BY: LAURA ROJAS
Professor Daniel Kahneman, a renowned psychologist and Nobel Prize winner, did a TED Talk back in 2010 on the difference between experience and memory. His main thesis, and something I hadn’t even thought about prior to watching his video, is that we now perceive the present as “an anticipated memory” – and that’s partially because of Instagram.
What exactly does that mean?
Kahneman begins his talk by explaining the difference between experience and memory. Psychologically, we have two selves: the remembering self and the experiencing self. The experiencing self lives in the present, knows the present, and is capable of reliving the past. In contrast, the remembering self is the one that “keeps score” and tracks the story of our life. Our remembering self tells us stories, and those stories are what we essentially retain from our experiences.
The experiencing self lives life continuously, experiencing moments one after the other. But those moments, (and Kahneman estimates there are about 600 million of them in each lifetime), don’t usually leave a mark on our remembering self. They’re lost forever, dissipating insignificantly into the timespan of our lives.
The remembering self picks and chooses momentous experiences, usually the ones with the most interesting endings, to keep in our inner memory archive. Everything else, like what you ate for breakfast on April 7th three years ago or that time you went to the mall in grade five, is simply forgotten. It’s a little hard to follow, but really does make sense.
So here’s where Instagram comes in.
As humans, we have a deep-seated fear that we’re wasting every moment we don’t remember. Inwardly, we believe that every moment of existence is essentially our life, and whatever we don’t remember is simply being spent carelessly.
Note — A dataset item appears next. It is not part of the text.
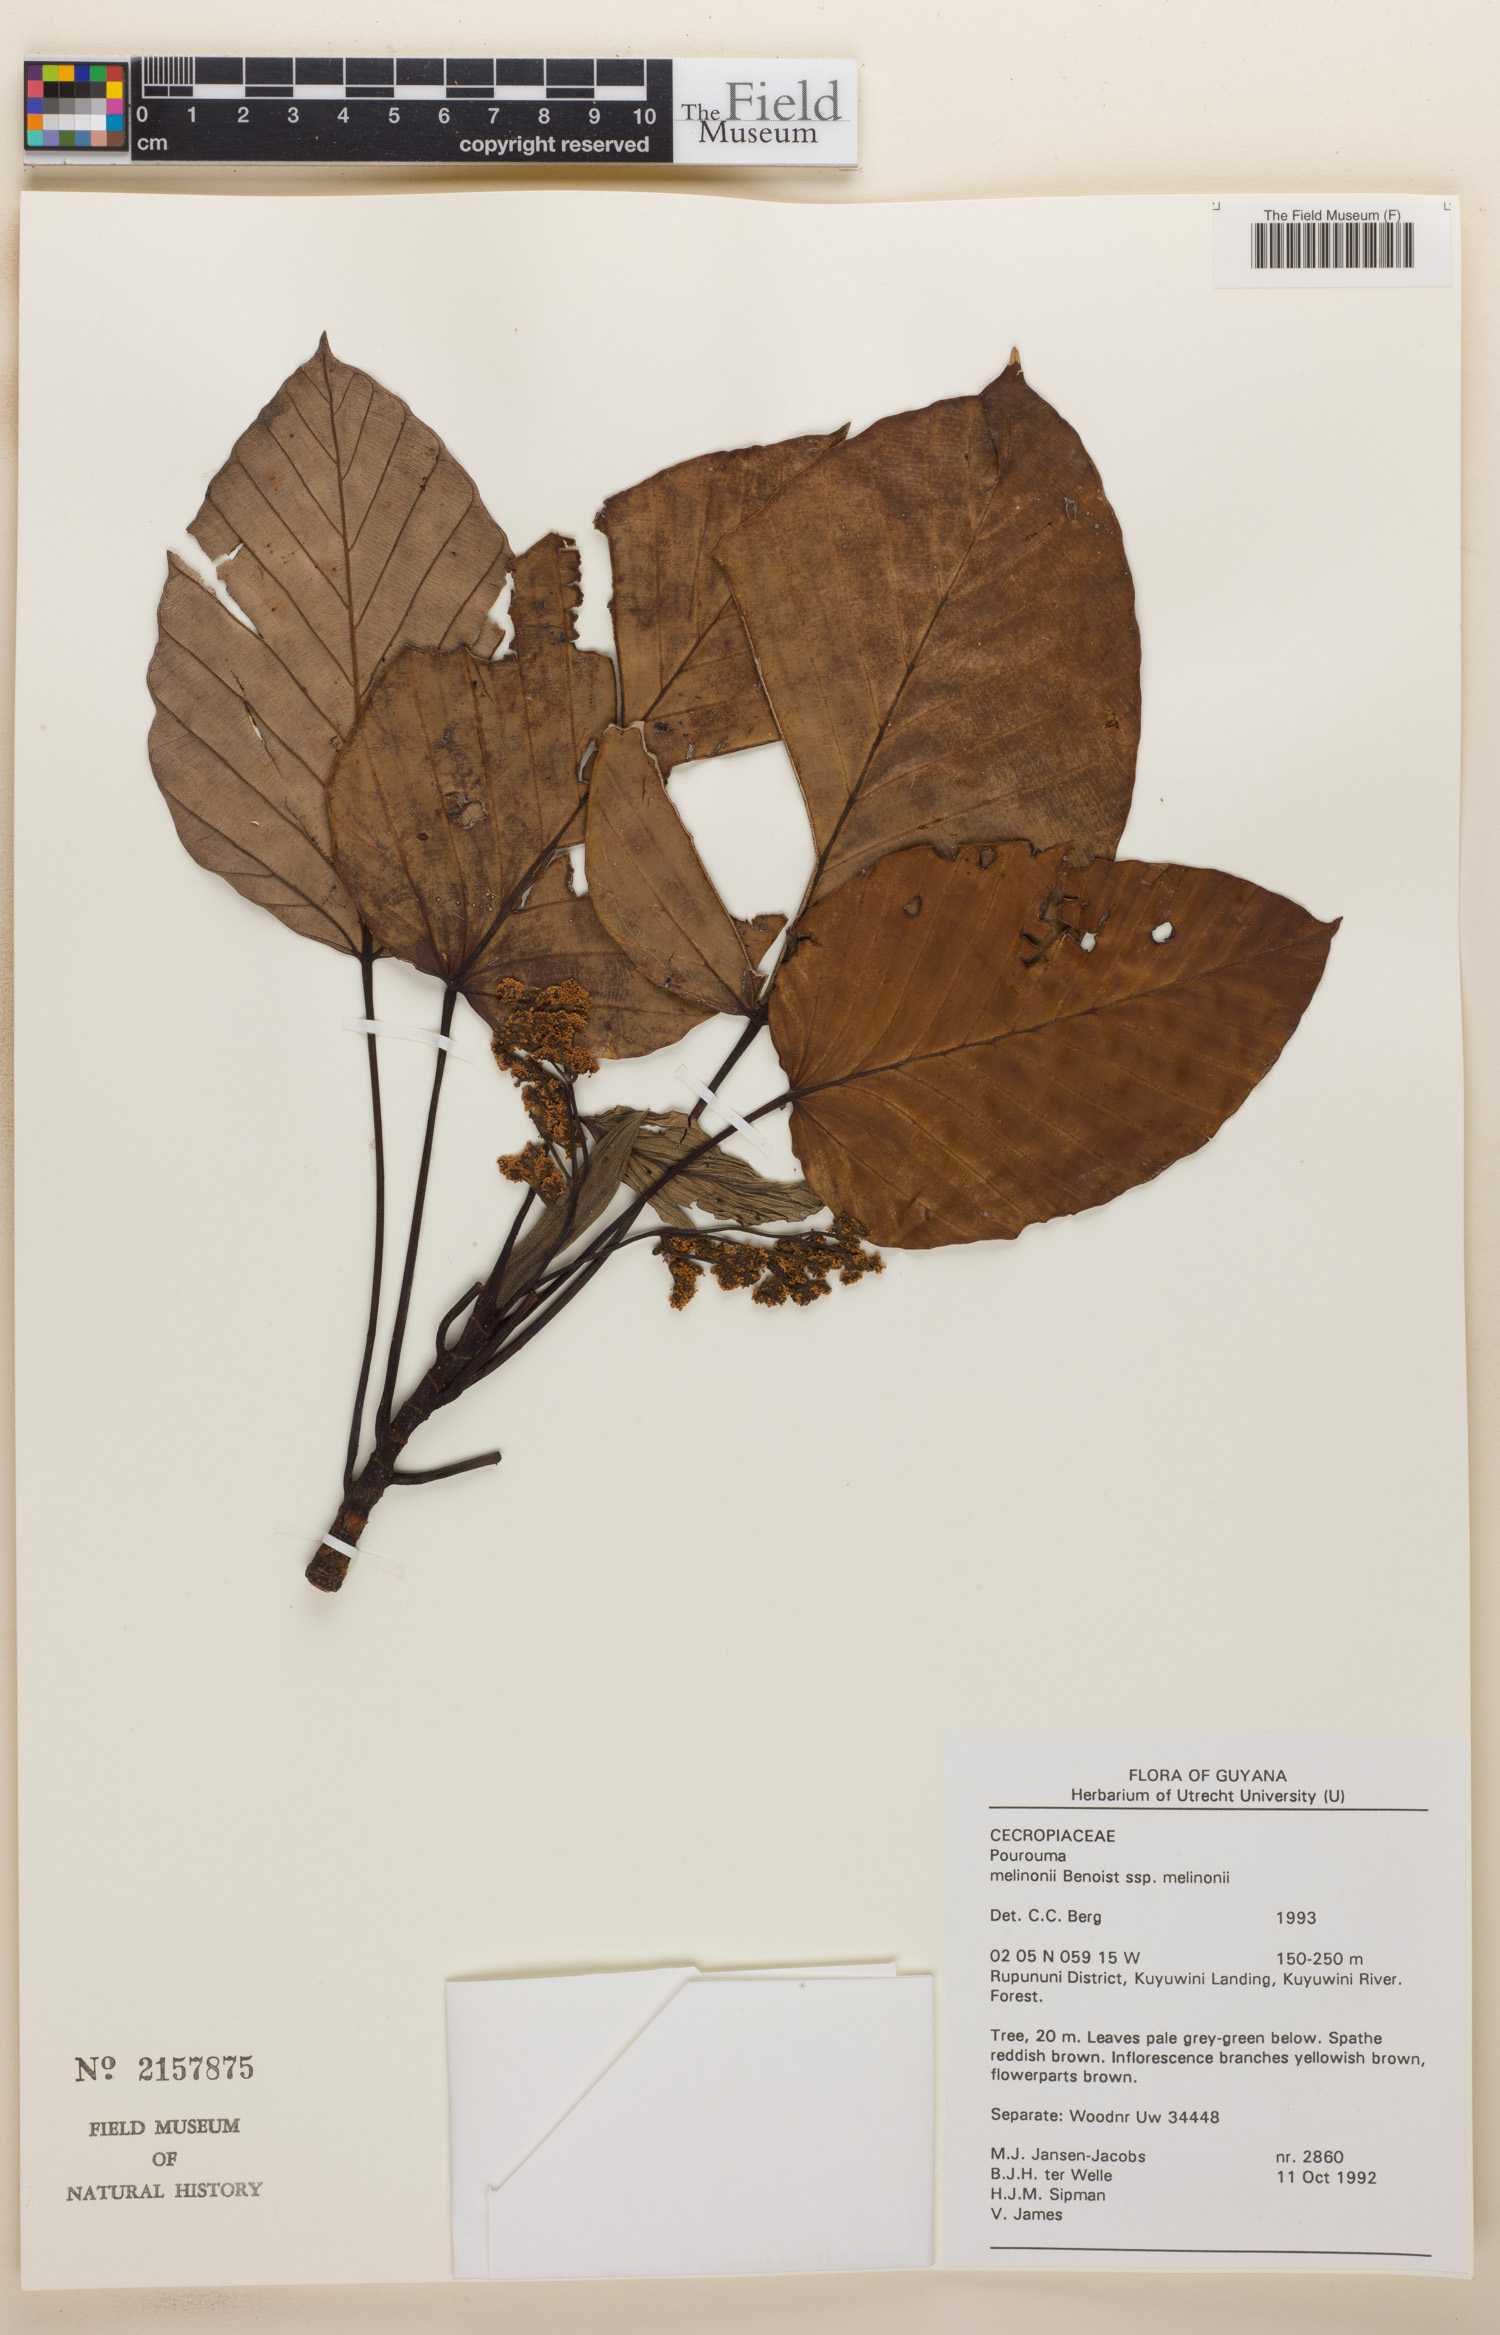 Pourouma tomentosa subsp. maroniensis image

Instagram became a tool for us to digitally mould our memories, to pick and choose the experiences we want to remember – some as uninteresting as a moment spent studying in a café, or the appetizer we had for dinner on our date. Through the use of vintage-looking photo filters, we feel nostalgic about moments as they happen, before they can even be considered nostalgic. And all of this happens subconsciously.
Kahneman believes that because of this, we’ve become accustomed to categorizing moments as memories even before they cease to be experiences. Every moment that we experience is felt as an anticipated memory instead of as a present experience. Now that’s a disturbing revelation. What happens when we become overwhelmed with the idea of having a likeable photo?
We’ve begun to physically design what each moment will feel like in future reflection. But could it be a good thing? Shots of Awe, narrated by Jason Silva, talks about Kahneman’s theory as being an opportunity to take a moment and decide how we will reflect back on it in the future.
However, the really pivotal thing is to have a balance between what you experience, and getting all that you can out of it, before archiving it as a memory to look back on. Relying on Instagram and photo-filters to remember things in one way or another seems somewhat wrong. We should rely on our own primal experiences instead, and the importance of immediacy. After all, the present is all there really is—the future and past are imagined and interpreted.
Silva stands by the fact that this phenomenon is a positive thing. It gives us a chance to decide for ourselves how we will remember the present; “We all become artists [and we all become] architects of our mental narratives for a historical, digital paper trail. We decide who we are. We’re building maps.”
Maybe internally, it really does liberate our inner desire to be artists and authors of our own lives. Silva believes that through this, we deal with the tragedy of the fact that moments are passing and time for us is not infinite.
“All we have is the anticipated memory because the present is done.”